When the number of replicas deployed reaches the maximum defined in HPA, you might encounter situations where you need more pods but HPA can’t scale. Depending on the magnification function you set, the results may vary. Here are 2 examples to illustrate more clearly:

  • if the extension uses CPU usage, the CPU usage of existing pods will increase to the limit and be limited. This ultimately results in a decrease in the throughput of the system.
  • If the extension uses custom metrics, such as the number of unprocessed messages in the queue, the queue may start filling up with unprocessed messages, introducing delays in the processing pipeline.

How to solve it? Monitoring this metric is simple – you need to set the X% threshold for the current number of replicas divided by the maximum number of HPA replicas. A sane X might be 85% to allow you to make the required changes before reaching the maximum.

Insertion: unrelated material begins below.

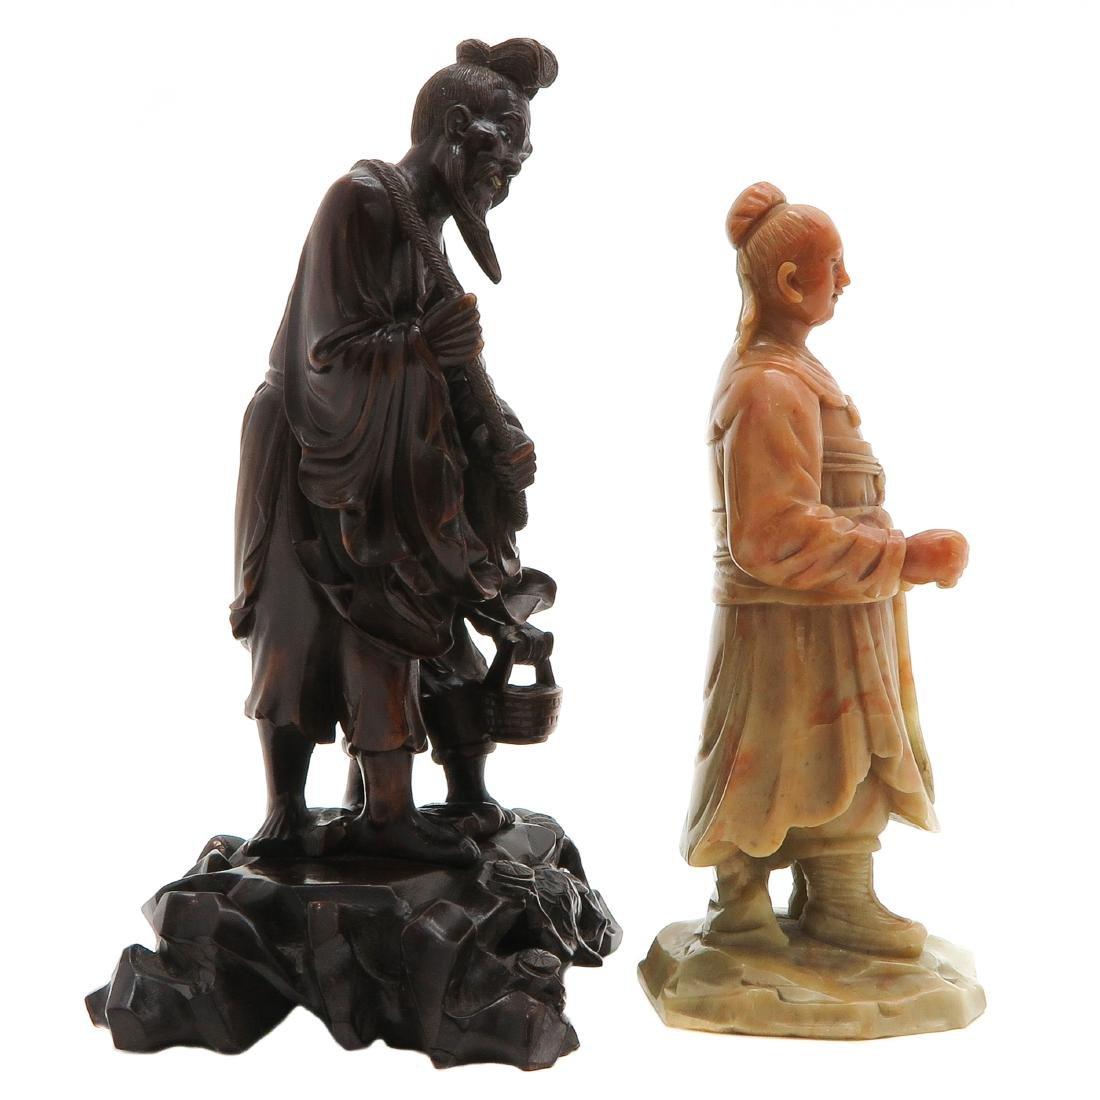 Lot of 2 Sculptures - 3

Keep in mind that increasing the number of replicas can affect other parts of the system, so you may end up changing more than the HPA configuration to enable this scaling operation. A typical example is when you increase the number of replicas and more pods try to connect to it, the database reaches its maximum connection limit. That’s why it makes sense to use a large enough buffer as preparation time in this case.

A node status check failed

kubelet is a k8s agent that runs on every node on the cluster. Among its responsibilities, the kubelet publishes metrics (called node conditions) that reflect the health of the node on which it runs:

    ready – if the node

  • is healthy and ready to accept pods, true
  • disk pressure – if the node’s disks have no free storage space , report
  • true memory pressure – true PID pressure if the node is low on memory –

  • true if there are too many processes running on the
  • node

  • Network unavailable – true if the node’s network is not configured correctly

A healthy node should report True for the Ready condition and False for all four conditions.

You should be aware that if the Ready condition becomes negative or any other condition becomes positive, it may mean that some or all of the workload running on that node is not functioning properly.

For DiskPressure, MemoryPressure, and PIDPressure, the root cause is obvious – nodes can’t afford the speed at which processes write to disk/allocate memory/spawn processes.

The Ready and NetworkUnavailable conditions are a bit tricky and require further investigation to get to the source of the problem.

How to solve it? I first expect exactly 0 nodes to be unhealthy, so that an alarm is triggered when each node becomes unhealthy.

Persistent Volume

(PV) is a k8s resource object that represents a block of storage that can be attached and detached to pods in the system. The implementation of PVs is platform-specific, for example, if your Kubernetes deployment is based on AWS, the PVs will be represented by EBS volumes. Like every block storage, it has capacity and can be filled up by time.

When a process uses a disk with no free space, it crashes because failures can manifest themselves in a million different ways, and stack traces don’t always lead to the root cause. In addition to protecting you from future failures, observing this metric can be used to plan workloads that record and add data over time. Prometheus is a great example of such a workload – when it writes data points to its time series database, the amount of free space in the disk decreases. Because Prometheus writes data at a very consistent rate, it’s easy to use PV utilization metrics to predict how long it will take to delete old data or buy more disk capacity.

How to solve such problems? The kubelet exposes PV usage and capacity, so a simple division between them should give you PV usage. Suggesting a reasonable alert threshold is a bit difficult because it really depends on the trajectory of the utilization graph, but as a rule of thumb, PV exhaustion should be predicted two to three weeks in advance.


you’ve already discovered, dealing with Kubernetes clusters is not an easy task. There are a large number of indicators available and require a lot of expertise to select the important ones.

Having a dashboard that monitors key metrics of your cluster can serve both as a preventive measure to avoid problems and as a tool to troubleshoot problems in your system.